Table 3 shows the comparison of the results of this method and its competitors on the aluminum electrolytic cell condition dataset. The results contain the average
error_rates and the fluctuation ranges of every algorithm in ten experiments.
The comparison shows that when a supervised learning algorithm is used to deal with the problem of lacking labeled samples, the classification effect is not satisfactory and the classification of the error rate is greatly affected by the training set. When we use traditional semi-supervised learning algorithms such as co-training and M-Co-Forest, it is obvious that the error rate is lower than the supervised learning algorithm.
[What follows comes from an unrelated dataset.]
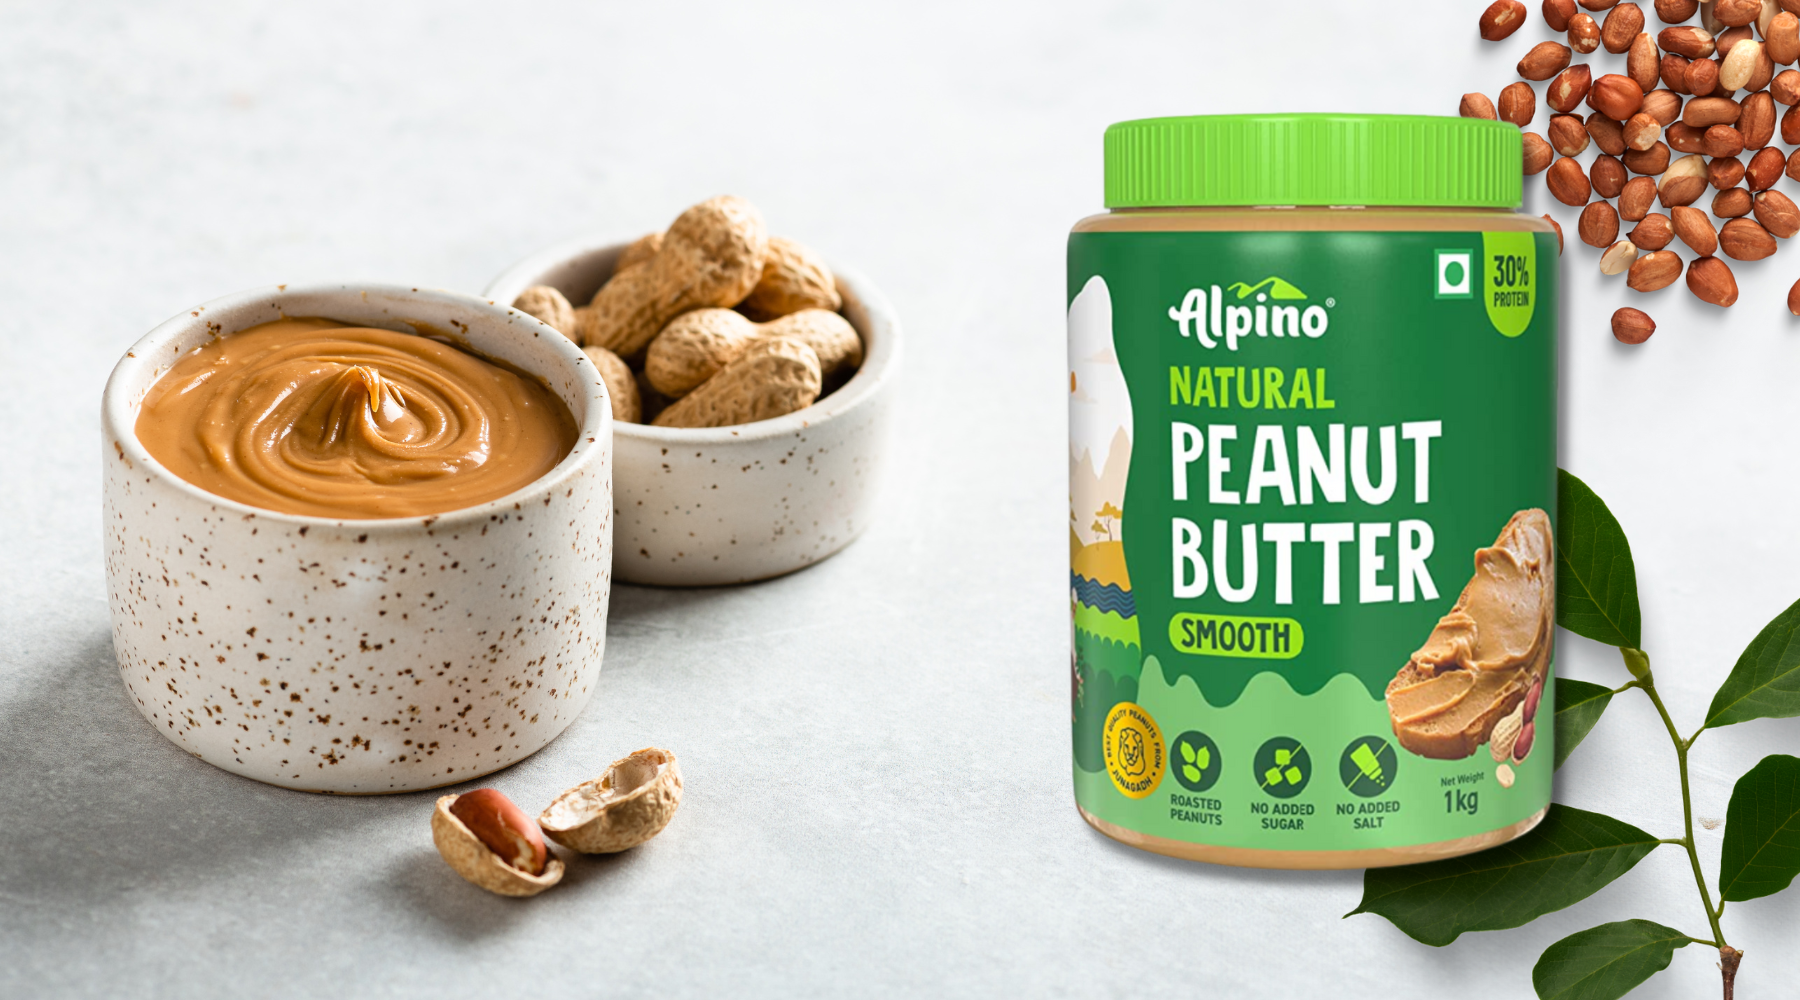 Alpino Peanut Butter: A Review of Taste, Texture and Quality

This shows that semi-supervised learning uses unlabeled samples to extract information. Finally, the SSNEL has the best performance and the average error rate is only 0.186, which can relieve the reliance on manual observation to identify the condition of the electrolytic cell in the actual industry. The main reasons are as follows:
The SSNEL uses integrated classifiers instead of weak classifiers (such as decision tree, k-nearest neighbor) for semi-supervised learning. It can fully mine the information in unlabeled samples, and also reduces the impact of a small number of wrong labels.
The SSNEL applies near neighbor-based pseudo-labeled samples select strategies (DSSA and SPDA) to gradually obtain more accurate pseudo-labeled samples to improve the classifiers.
To sum up, in the absence of labeled samples, the algorithm the SSNEL proposed in this paper has a more satisfying classification effect. On the one hand, the classification error rate is lower. On the other hand, dealing with large uncertainties in the sample set, the SSNEL has some robustness and classification results which are not affected significantly by random factors.
In order to further illustrate the effectiveness of the method in the industrial field, the range of various parameters of the aluminum electrolytic cell under stable operating conditions is taken into account, and is summarized in
Table 4. The mechanism analysis of three samples determined to be unstable by the SSNEL is shown in
Table 5.
From a mechanistic perspective, workers can judge the samples according to data and experience [
34]. Take the sample on 21 June 2018 as an example. On the one hand, the temperature of the electrolyte was too high, which caused the superheat to be too high; and the molecular ratio was too high, which inhibited the separation effect of carbon slag and the electrolyte which both reduced current efficiency. Using mechanism data analysis can explain the reasons for the floating of the cell condition according to the change of the data. At the same time, it validates the aluminum electrolytic cell condition evaluation model from the point of view of mechanism. Therefore, the results of the SSNEL could be confirmed by mechanism analysis. In addition, the SSNEL can reduce the dependence on experience to a certain extent.